It’s official: Mozilla has announced that its extremely handy read-it-later app Pocket will be shutting down on July 8, 2025, with user data exports available until October 8, 2025.
If this leaves you looking for a new home for your saved articles, videos, and web pages, the good news is you’ve still got plenty of excellent options.
Here are five solid alternatives to Pocket that offer a variety of features and pricing structures to suit your needs.

Matter
Matter is a premium read-it-later solution that goes beyond simply saving articles. For one thing, it also lets you read email newsletters in an environment that’s superior to dealing with them in your inbox. Available in iOS and web versions, it also offers powerful highlighting and annotation tools that allow you to capture your thoughts directly on the text.
The anpp integrates with popular third-party services and curates a daily digest of interesting articles from your saved sources, adding a discovery element.
There’s a free version available with an uncapped read-later library, mobile and web extensions, and sharing features. Matter Premium starts at $8 a month and includes text-to-speech, newsletter sync, unlimited highlighting and note-taking, Kindle export, and other goodies.

Readwise Reader
If you’re already familiar with Readwise for its highlight export features, then Readwise Reader is a natural extension.
It boasts a clean interface, strong highlighting and note-taking capabilities, text-to-speech, AI features, and the ability to import various content types (web articles, PDFs, newsletters, YouTube transcripts, and more).
Readwise Reader is included with a Readwise subscription, which offers a free 30-day trial and then runs $10 per month.

Raindrop
If you’re a highly visual person or deal with a wide variety of content formats, this one’s for you.
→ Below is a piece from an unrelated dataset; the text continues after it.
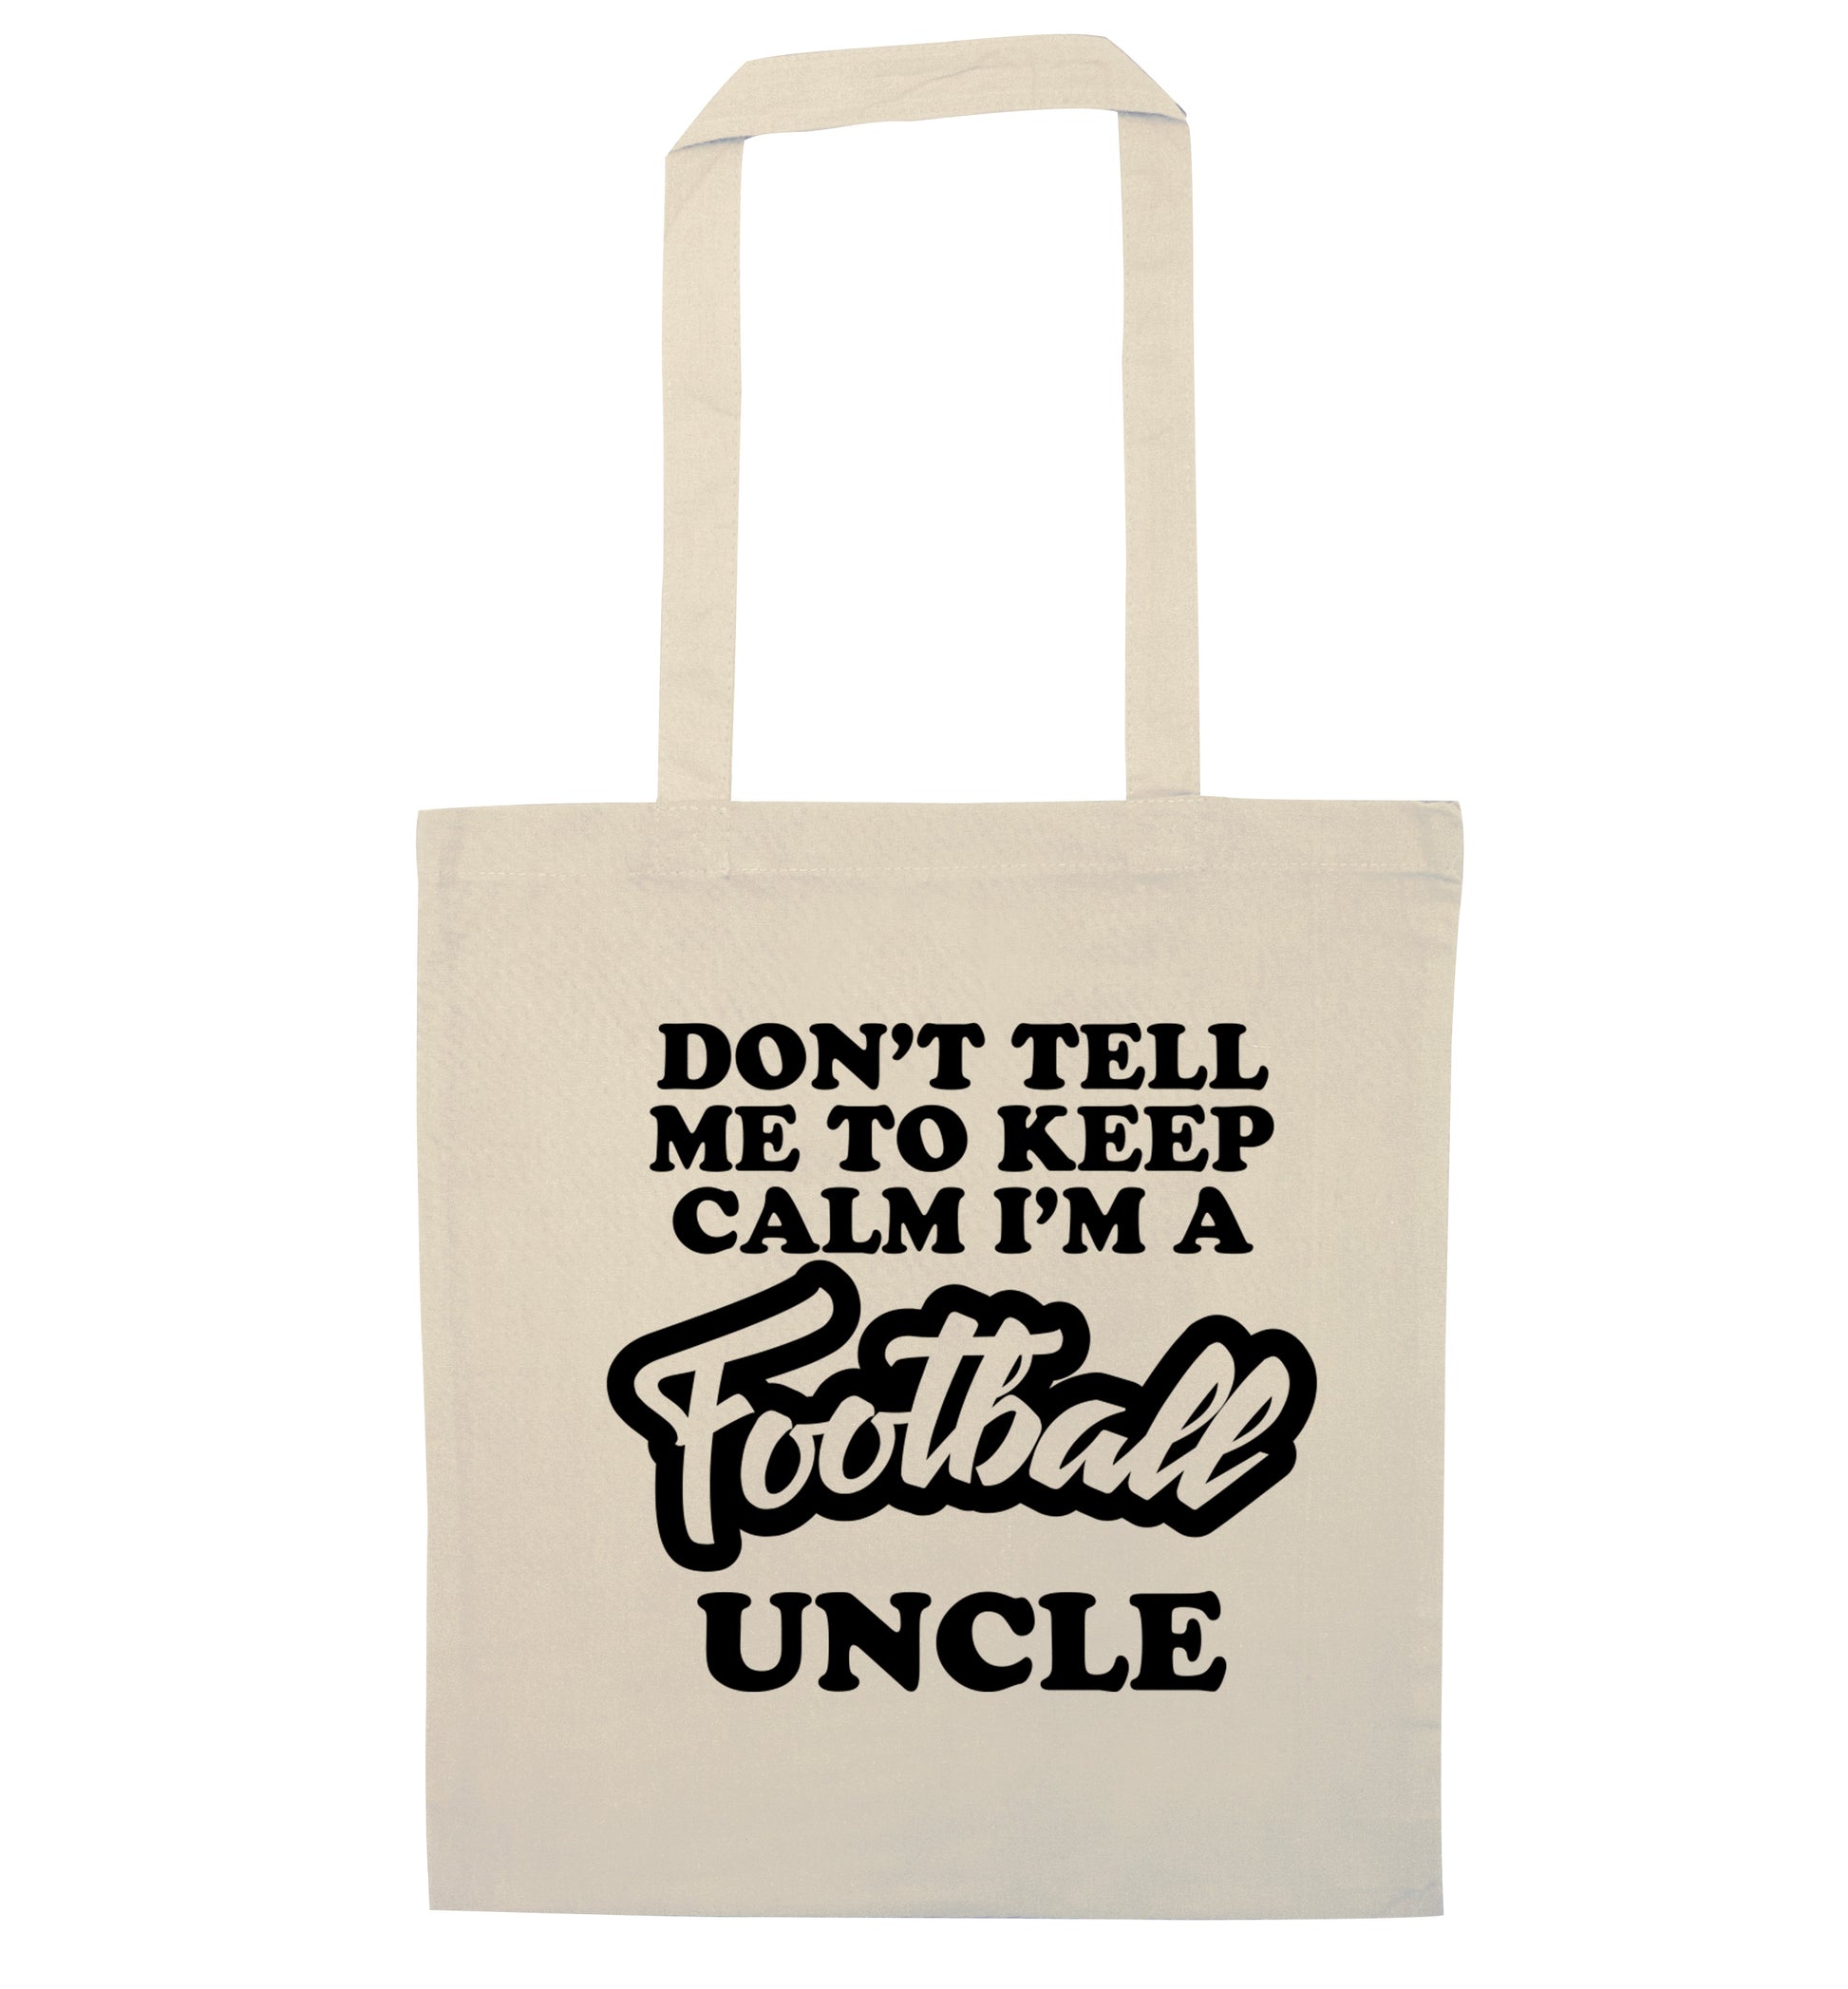 Don't tell me to keep calm I'm a football uncle natural tote bag

While many read-it-later apps focus primarily on text, Raindrop shines as a universal bookmark manager that’s both visually appealing and versatile.
You can save articles, images, videos, PDFs, and even entire collections of links while leveraging organization features like tags, nested collections, and a powerful search engine.
Raindrop offers a pretty generous free plan with unlimited bookmarks, collections, and devices. The Pro plan runs $28 per year and adds AI suggestions for organization, full-text search, a permanent library (copies of saved pages), more upload space, cloud backup, and other enhancements.

Recall
Recall allows you to save and process various types of content, including articles, PDFs, YouTube videos, podcasts, and even meeting recordings.
It then uses AI to summarize the interesting bits from your saved content. You can ask it questions about the content, create notes, and organize it all in one central place.
Recall offers a free plan which includes 10 free content summaries, unlimited read-it-later storage, and unlimited personal notes. The “Plus” plan starts at $10 per month and offers unlimited content summaries, automatic categorization, unlimited AI questions, and more.

Instapaper
For those of us of a certain… well, vintage, Instapaper is something of a household name.
A pioneer in the read-it-later space that’s now almost old enough to vote, it saves and presents articles in a clean, minimalist format that’s ideal for focused reading.
It’s straightforward to use as well, offering offline reading capabilities, adjustable fonts, and simple highlighting. If your primary goal is distraction-free reading of saved articles, Instapaper is worth a look.
Instapaper offers a free version with unlimited article saving, syncing, folders, and integration with third-party apps. Instapaper Premium starts at $6 per month and includes full-text search, a permanent archive of articles, unlimited notes, text-to-speech, speed reading, and an ad-free website.